Silanus schien seine Gedanken zu erraten. »Ich würde ja mitkommen«, sagte er und seufzte. »Wenn nur nicht alle so tun würden, als sei es die höchste Auszeichnung, mit dem Schwert in der Hand zu sterben. Dabei ist es doch gerade um mich wirklich schade.«

Caius grinste, obwohl ihm zum Weinen zumute war. Er schob den schweren Kasten in seine Satteltasche.

Silanus’ Blick fiel darauf. »Ich wüsste ja schon gern, was der Statthalter da so Wichtiges zu verbergen hat«, sagte er und zog eine Augenbraue hoch.

Caius spürte trotz seiner Beklommenheit eine tollkühne Lust, mit dem Feuer zu spielen. »Die drei bei Carrhae von Crassus verlorenen Legionsadler«, sagte er todernst. »Im Marstempel lagern nämlich Attrappen.«

»Ach die«, sagte Silanus. »Ich hätte jetzt auf Apollos Kithara getippt. Wäre ja zu schade, wenn die den Barbaren in die Hände fiele. Diese Katzenmusik möchte man sich lieber gar nicht vorstellen.« Er grinste Fastrada an. »Nichts für ungut«, sagte er, nahm sie in die Arme und strich ihr über die Haare wie einer kleinen Schwester. »Pass auf ihn auf.

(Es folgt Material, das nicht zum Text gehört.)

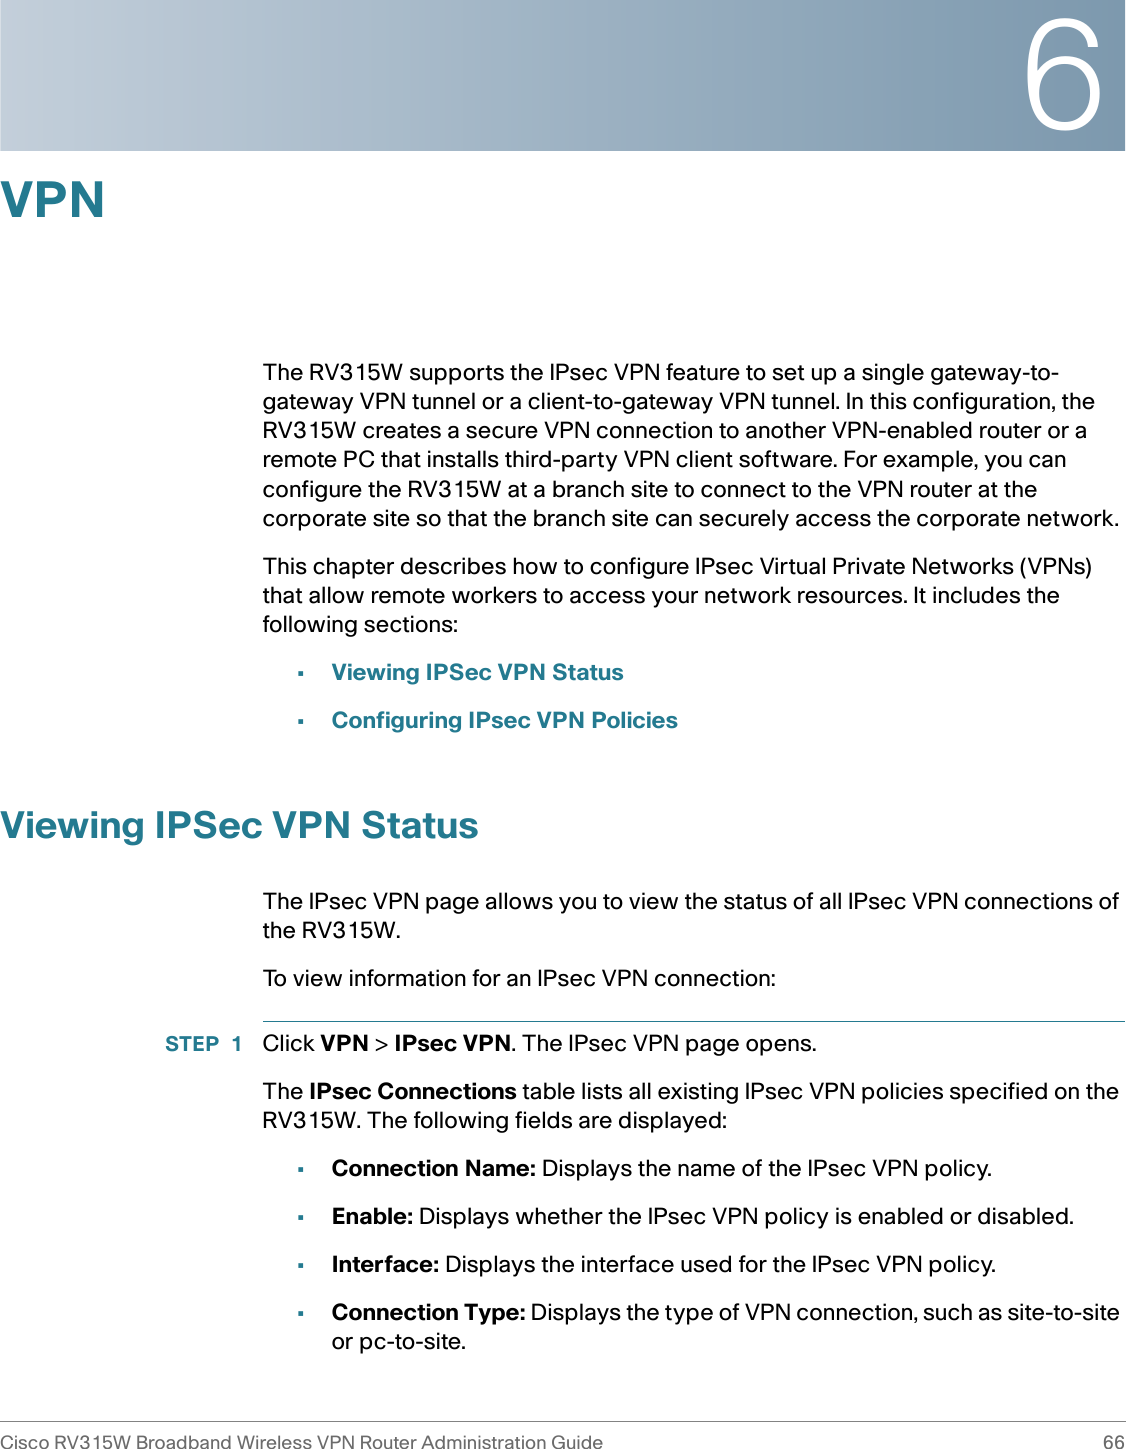 6Cisco RV315W Broadband Wireless VPN Router Administration Guide 66VPNThe RV315W supports the IPsec VPN feature to set up a single gateway-to-gateway VPN tunnel or a client-to-gateway VPN tunnel. In this configuration, the RV315W creates a secure VPN connection to another VPN-enabled router or a remote PC that installs third-party VPN client software. For example, you can configure the RV315W at a branch site to connect to the VPN router at the corporate site so that the branch site can securely access the corporate network. This chapter describes how to configure IPsec Virtual Private Networks (VPNs) that allow remote workers to access your network resources. It includes the following sections:•Viewing IPSec VPN Status•Configuring IPsec VPN PoliciesViewing IPSec VPN StatusThe IPsec VPN page allows you to view the status of all IPsec VPN connections of the RV315W. To view information for an IPsec VPN connection: STEP 1 Click VPN &gt; IPsec VPN. The IPsec VPN page opens. The IPsec Connections table lists all existing IPsec VPN policies specified on the RV315W. The following fields are displayed: •Connection Name: Displays the name of the IPsec VPN policy.•Enable: Displays whether the IPsec VPN policy is enabled or disabled.•Interface: Displays the interface used for the IPsec VPN policy. •Connection Type: Displays the type of VPN connection, such as site-to-site or pc-to-site.

Er lässt sich gerne mal was auf den Schädel hauen.« Dann wandte er sich an Caius, der Tränen in den Augen hatte. »Weinen kannst du, wenn du mich wiedersiehst«, sagte er mit stoischer Ruhe. »Aber bitte vor Rührung.«

Caius lächelte und saß auf. Silanus reichte ihm eine weitere Satteltasche mit Proviant und Wasser hoch, die Caius mit einem Riemen an seinen Sattel band. Er hob die Hand zu einem letzten Gruß, bevor er sein Pferd antrieb. Fastrada blieb neben ihm. Das Spalier der Legionäre teilte sich. Sie ritten über Tote und umherliegende Waffen und Schilde. Nach kurzer Zeit waren sie in den Wald eingetaucht, der sie im Licht der tief stehenden Sonne empfing wie zu einem harmlosen Ausflug.

38

Fastrada ritt neben Caius und blickte sich dabei unentwegt nach allen Seiten um. Caius schien beschlossen zu haben, alle Erklärungen über sein Gespräch mit Varus und den merkwürdigen Kasten in seiner Satteltasche auf später zu verschieben. Auch er behielt nervös die Umgebung im Auge. Niemand war zu sehen, doch irgendwo vor ihnen mussten Tausende von Kriegern sich zum letzten Angriff sammeln. Leute von ihrem eigenen Stamm. Langsam wurde Fastrada klar, dass es wahrscheinlich nie wieder ein Zurück zu ihrer Familie geben würde.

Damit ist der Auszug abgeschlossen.